We continue our Rural Teacher Spotlight with Karen Ashmore, teacher and superintendent at Mattole Unified. Mattole Unified will be working with Rural Debate Initiative this fall. Karen is interested in partnering with the Rural Debate Initiative because she would like her students to have competitive opportunities outside of sports and in an academic setting. She also hopes for her students to learn more about public speaking, communication skills, and using their own voice through debate.
Karen Ashmore did not start her career as an educator. Instead, she worked as a biochemist in the Bay Area, managing an environmental testing lab. However, her career path changed when she decided to start a homestead in Humboldt County, complete with renewable energy and organic gardens. There, she became an active volunteer in her children’s classrooms. As some of her children’s teachers began to retire, they encouraged Karen to get her teaching credentials, which she did.

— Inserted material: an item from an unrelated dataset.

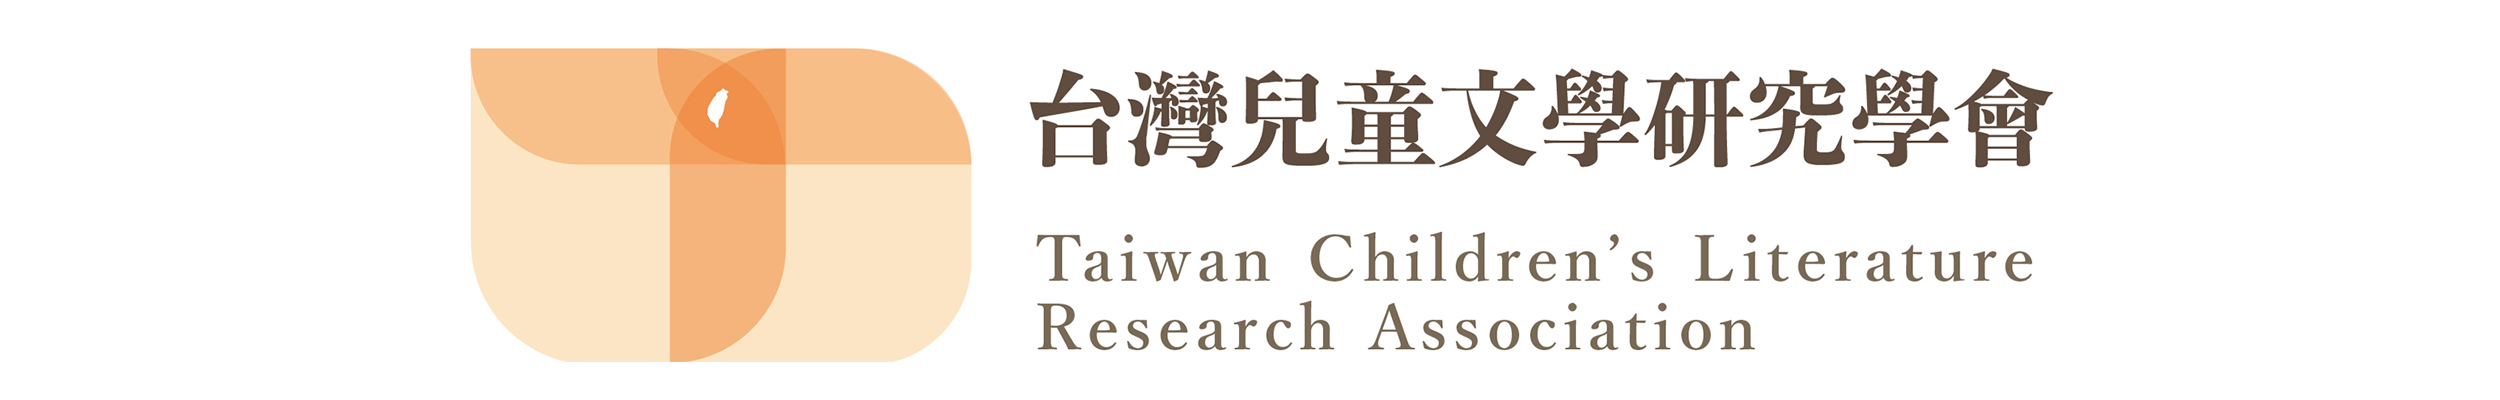 TCLRA 台灣兒童文學研究學會

She has been an educator ever since.
For Karen, one of the best parts about teaching is that it has been "really fulfilling on a lot of levels." She loves helping students. Finding ways to help them problem-solve and grow has been a highlight of teaching for Karen. She also loves witnessing students who arrive as kindergartners eventually graduate as young adults. "It's wonderful to be involved with the whole span of growth," she says.
"It's wonderful to be involved with the whole span of growth."

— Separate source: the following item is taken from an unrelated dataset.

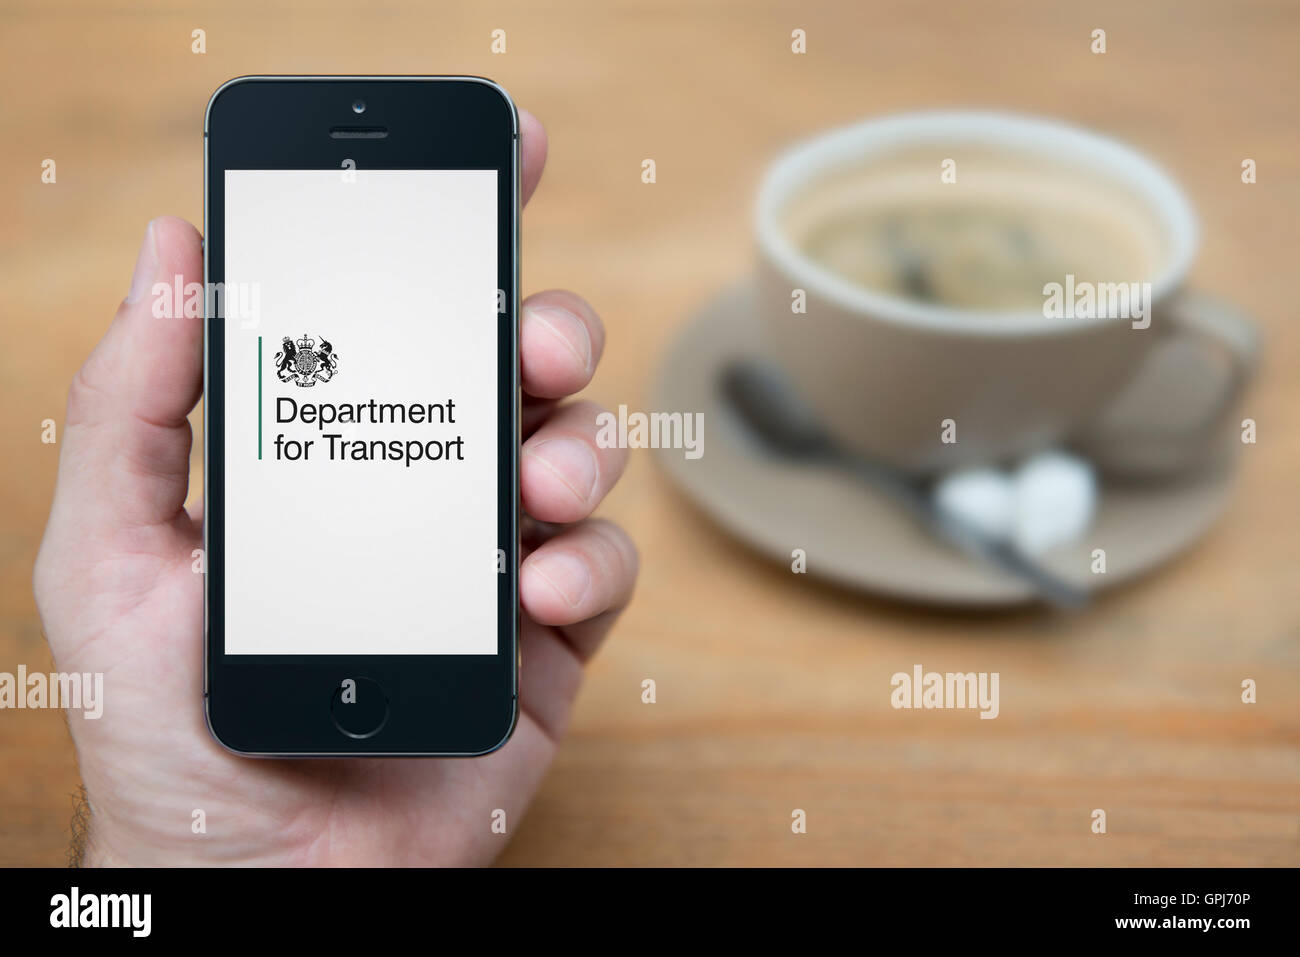 Un uomo guarda al suo iPhone che visualizza il ministero del governo del Regno Unito per il trasporto il logo, con caffè (solo uso editoriale). Foto Stock

Karen's school serves an incredibly large geographic area. However, due to large landholdings, rugged terrain, and lots of government-owned land, the population her school serves is very small. The high school and elementary school share the same campus and have no more than fifty students per year. Karen appreciates that the small student population allows for more personalized instruction and small group work, which helps every student flourish.

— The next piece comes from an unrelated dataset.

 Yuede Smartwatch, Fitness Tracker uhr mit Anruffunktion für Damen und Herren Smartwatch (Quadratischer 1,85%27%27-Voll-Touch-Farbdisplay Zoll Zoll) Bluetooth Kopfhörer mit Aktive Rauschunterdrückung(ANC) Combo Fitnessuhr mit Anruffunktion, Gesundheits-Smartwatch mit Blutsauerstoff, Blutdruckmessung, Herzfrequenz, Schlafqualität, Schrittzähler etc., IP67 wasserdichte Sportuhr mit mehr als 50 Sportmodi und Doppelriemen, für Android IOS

The remoteness of their location enriches the community in many ways. It's impossible to deny how beautiful the surroundings are. The drive to her town takes about ninety minutes and includes an old grove forest, sprawling, forested mountains, the scenic Mattole River, and a brilliant view of the Pacific Ocean. Another aspect of the community Karen highlights is their orientation towards the arts. She has found that her fellow community members bring unique histories and background to the table, and this is something she has loved incorporating in the classroom as well. Community members will give guest lectures or participate in project-based learning. Right now, community members are working with students to produce an original play, which will eventually travel for performances in other theaters. For high school students, community members can also serve as mentors in a unique program that allows students, in the last few weeks of class, to explore areas of personal interest. With such varied backgrounds, the community has been able to support many students in expanding their perspectives.
She has found that her fellow community members bring unique histories and background to the table, and this is something she has loved incorporating in the classroom as well.
One of Karen's most memorable moments as an educator has been keeping in contact with a student who began as a kindergartner her first year of teaching. When the student returns to the area in the summers, she and Karen are able to catch up, and Karen loves being able to bear witness to her growth. It's "special to be able to have that kind of contact still," she says, "that feeling that this is always going to be her place -- as her home or second home, no matter where she happens to go."